== WORK REQUIRED ==
Your task is to copy the data exactly while leaving out every picture.

== SUPPLIED DATA ==
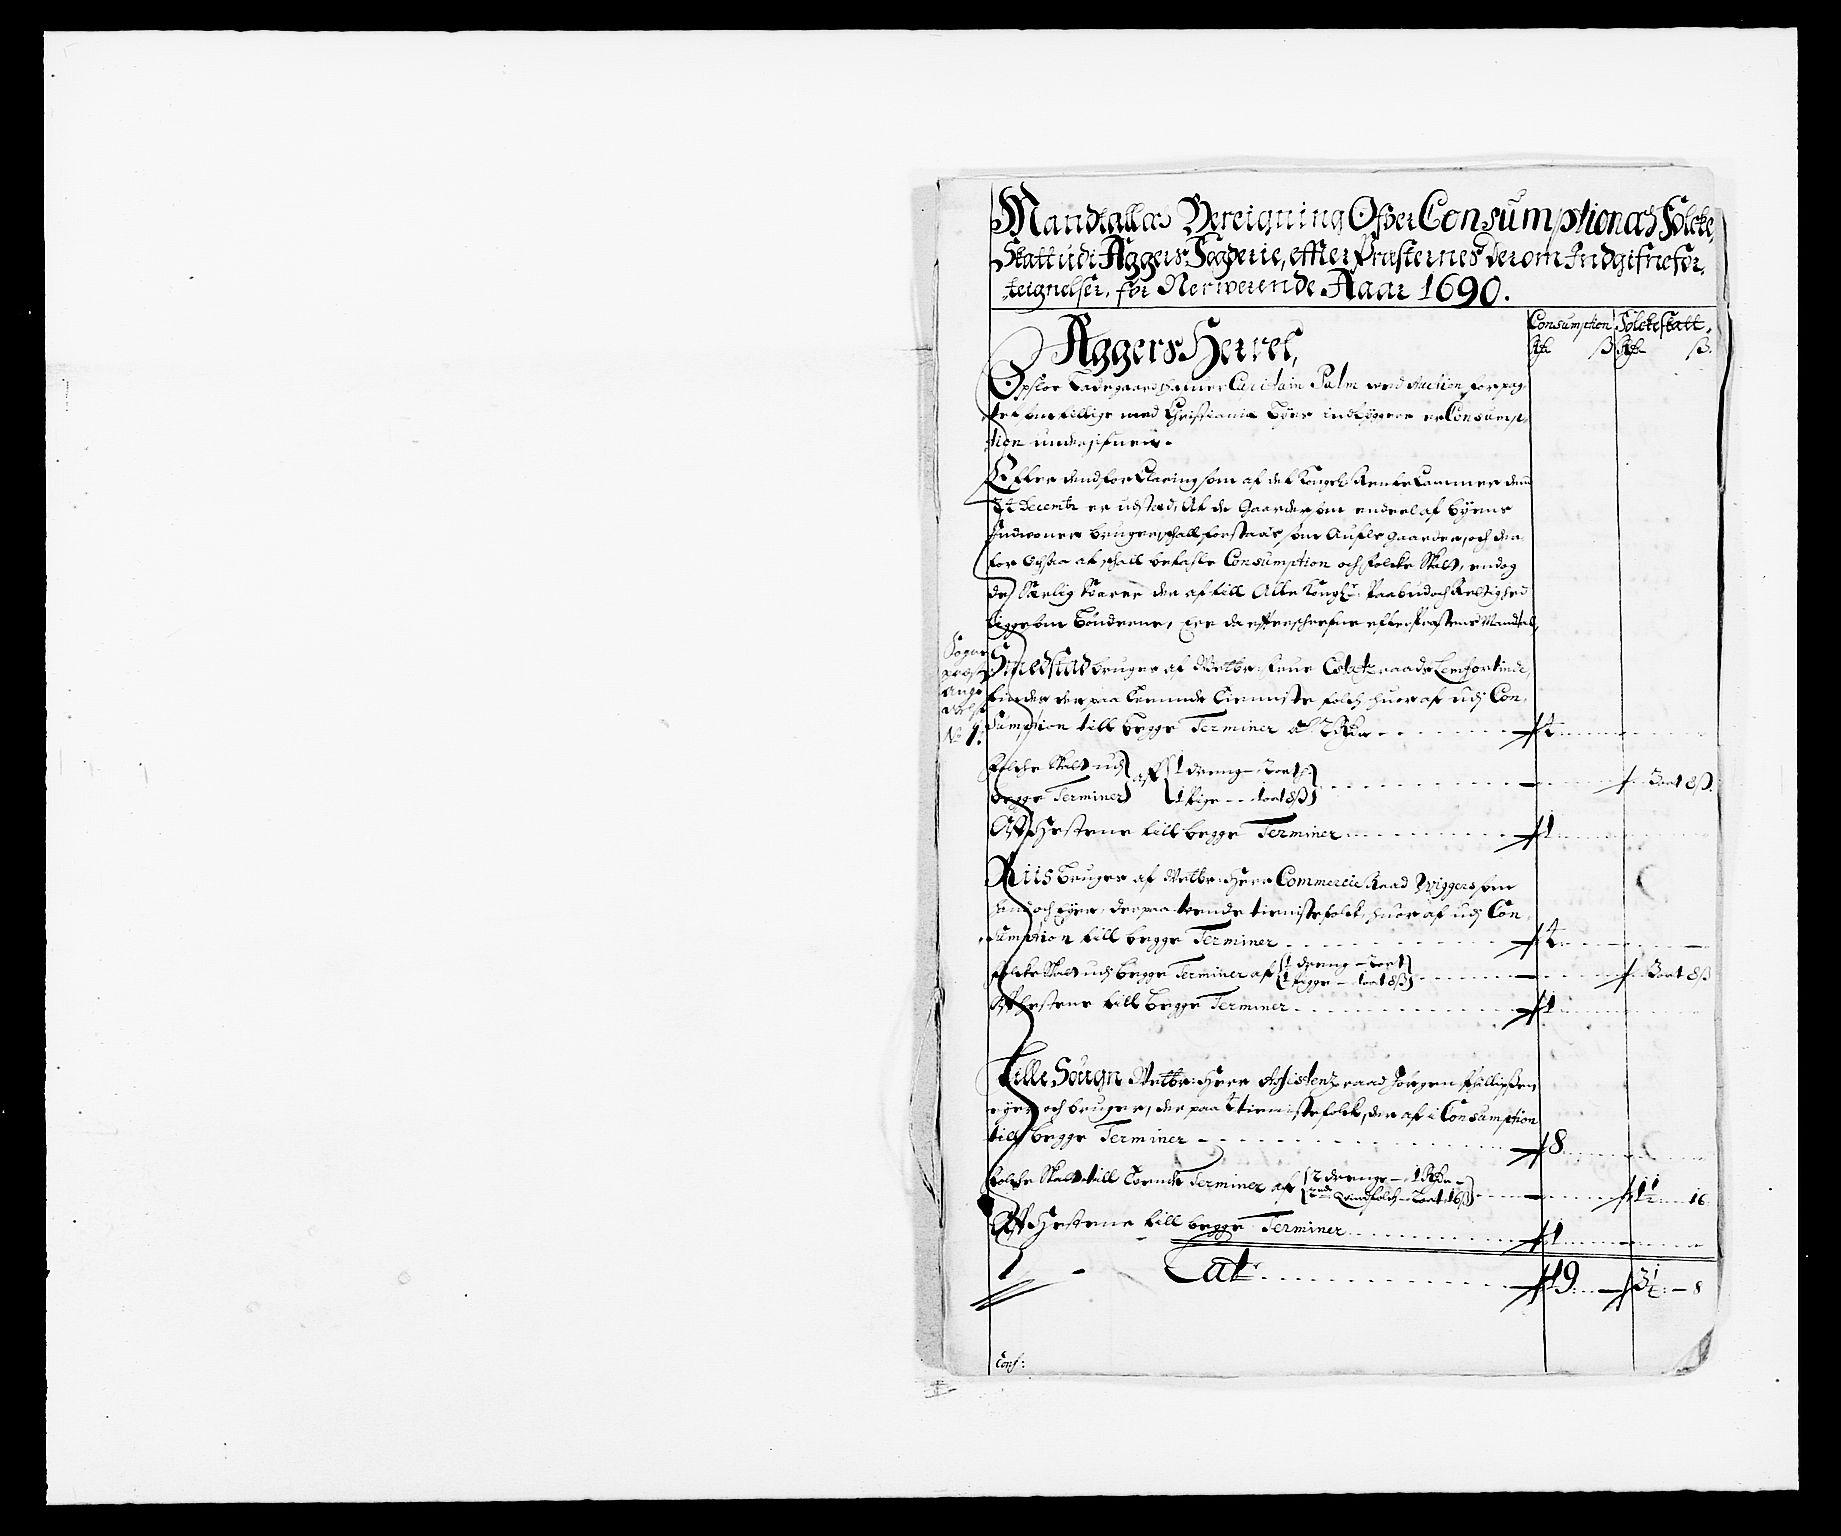 RA, Rentekammeret inntil 1814, Reviderte regnskaper, Fogderegnskap, R08/L0423: Fogderegnskap Aker, 1687-1689, s. 221
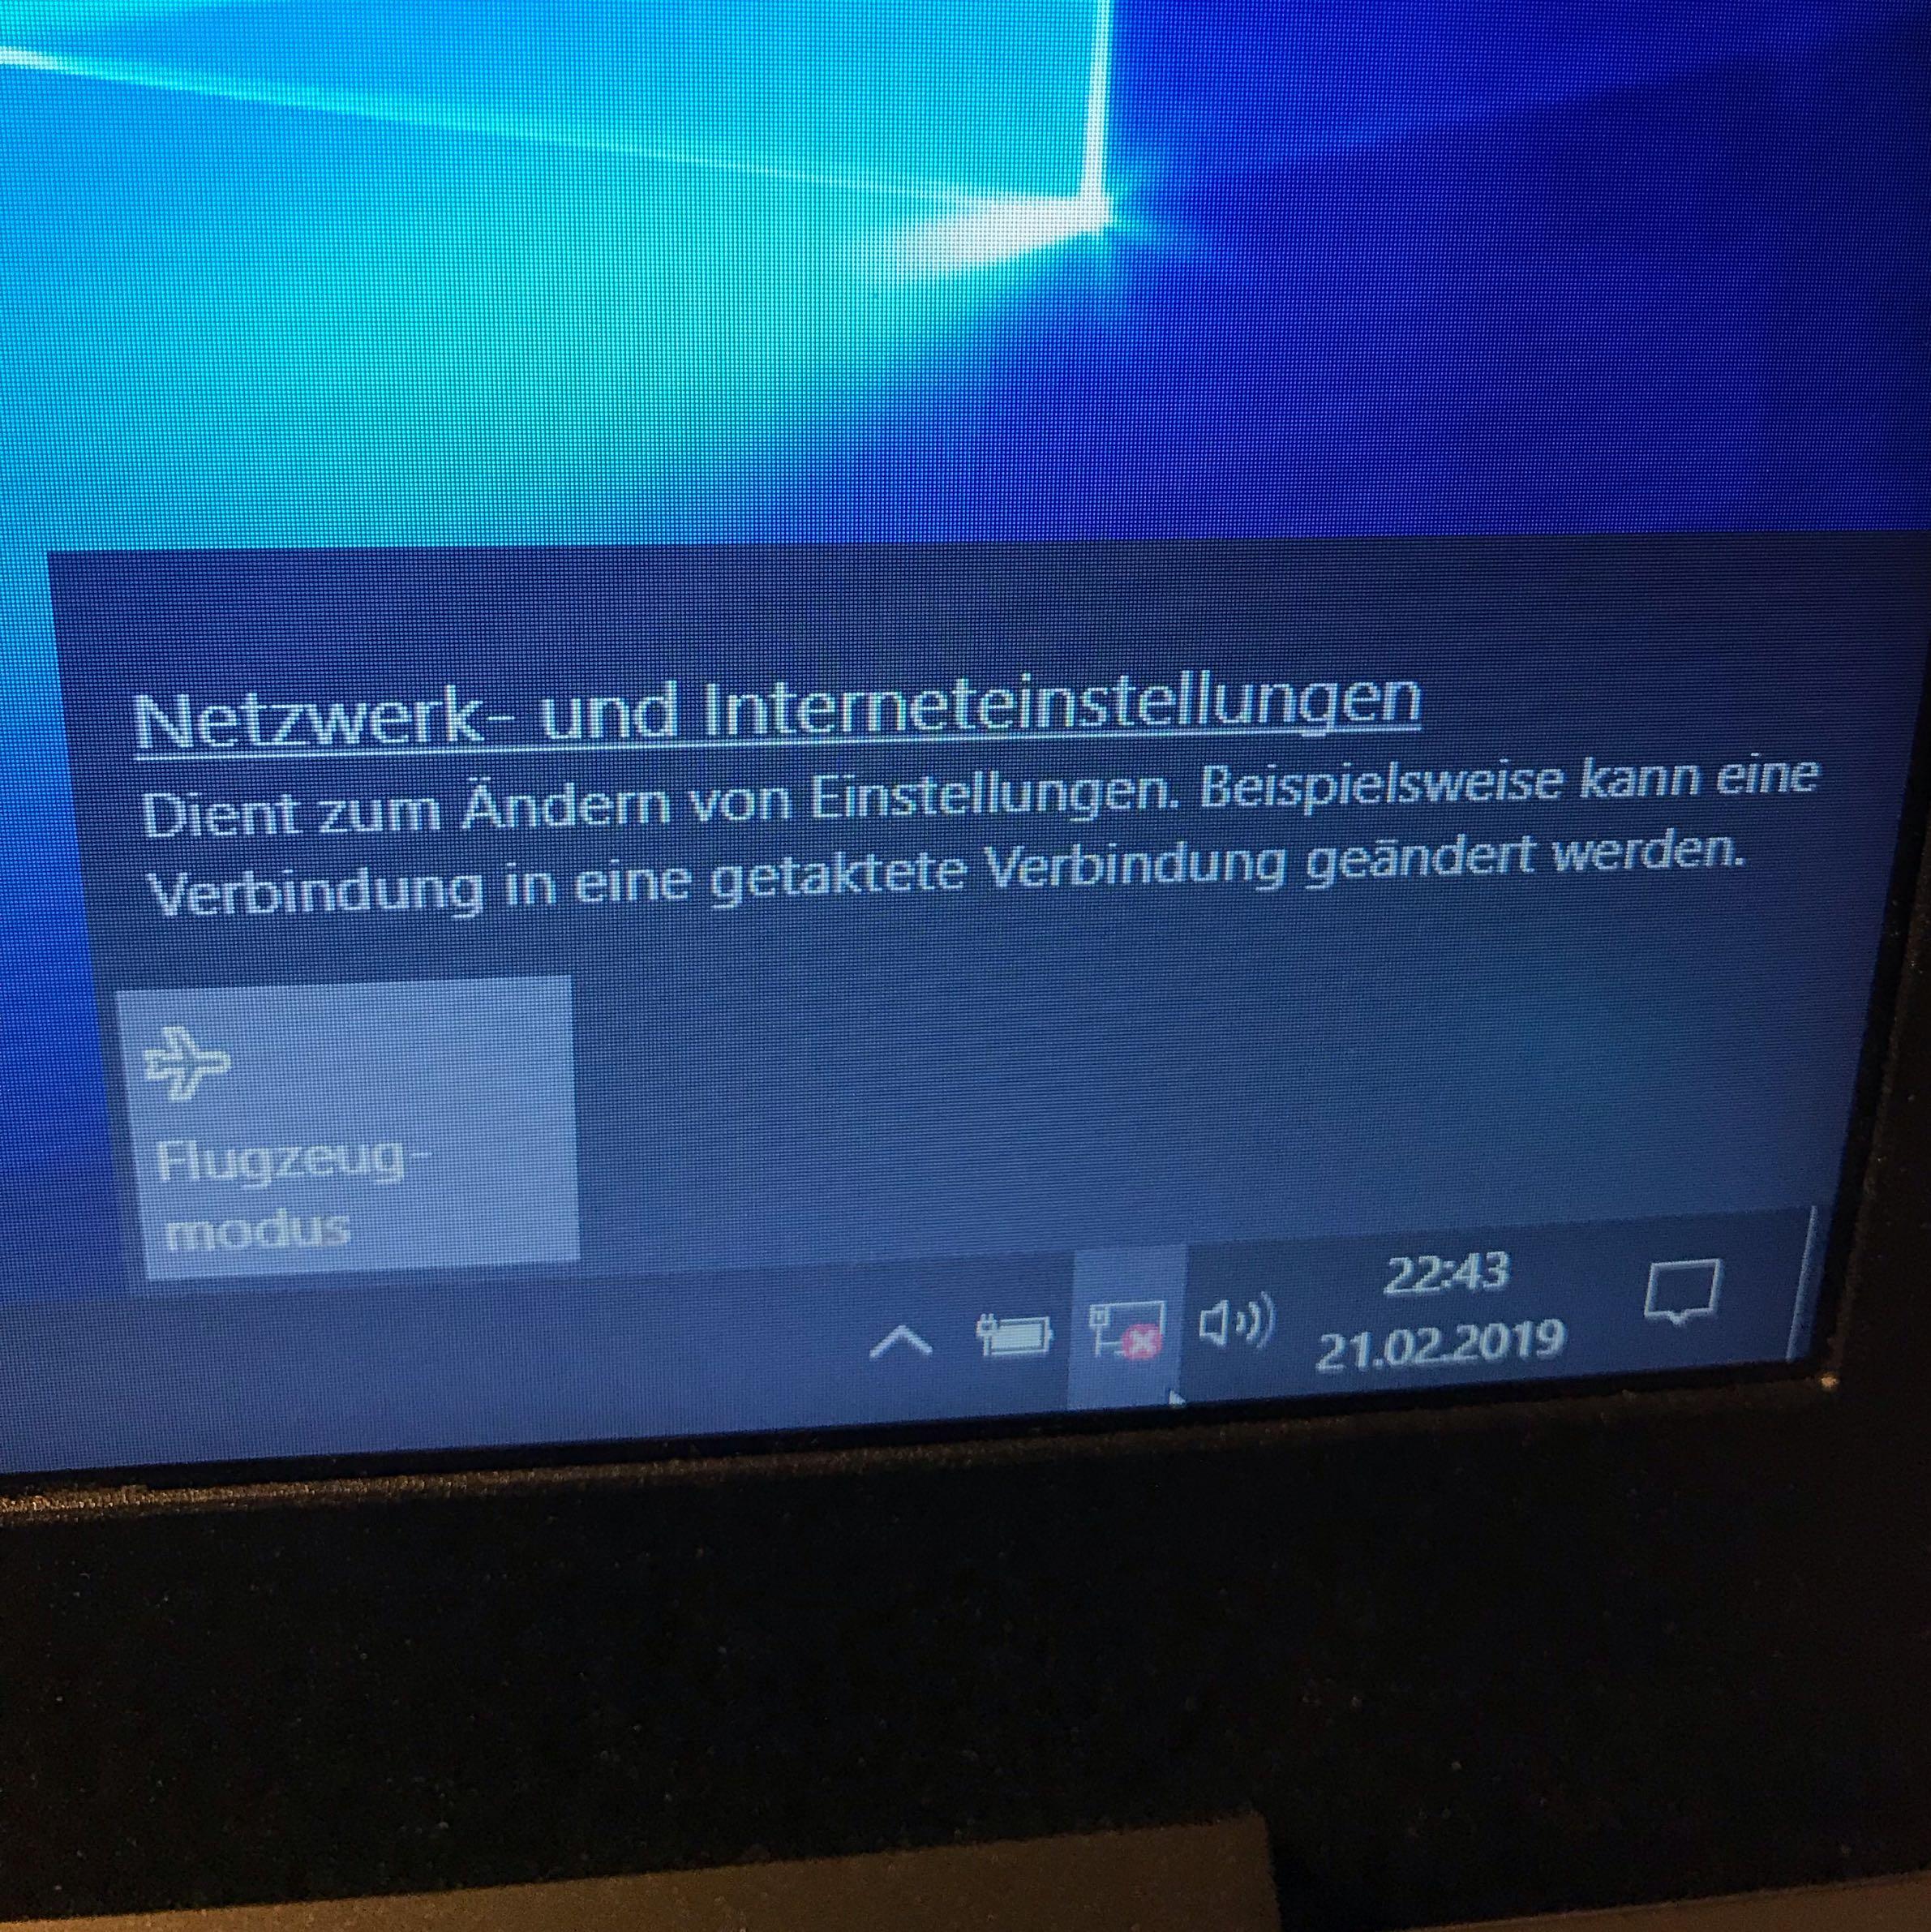 Pc Findet Netzwerk Nicht
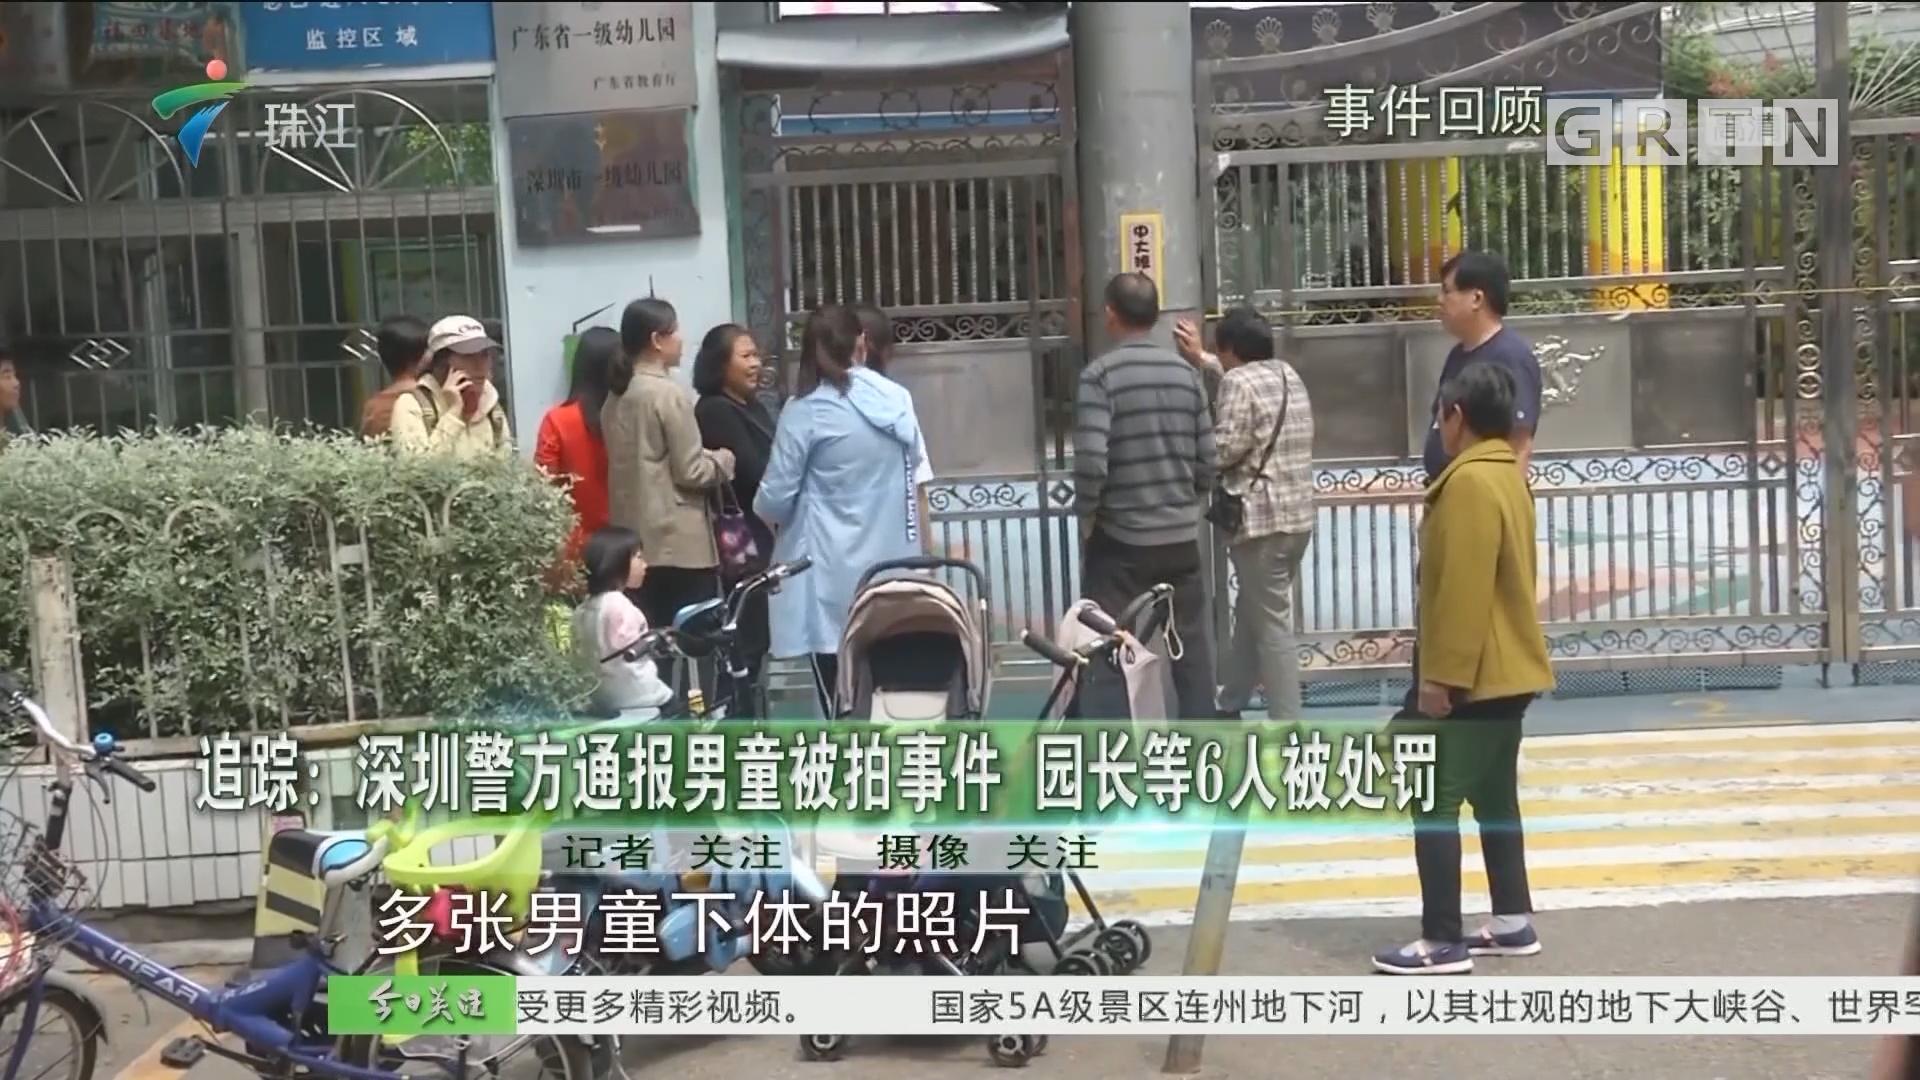 追踪:深圳警方通报男童被拍事件 园长等6人被处罚

== YOUR RESPONSE ==
 RA, Rentekammeret inntil 1814, Reviderte regnskaper, Fogderegnskap, R08/L0423: Fogderegnskap Aker, 1687-1689, s. 221
 Pc Findet Netzwerk Nicht
 追踪:深圳警方通报男童被拍事件 园长等6人被处罚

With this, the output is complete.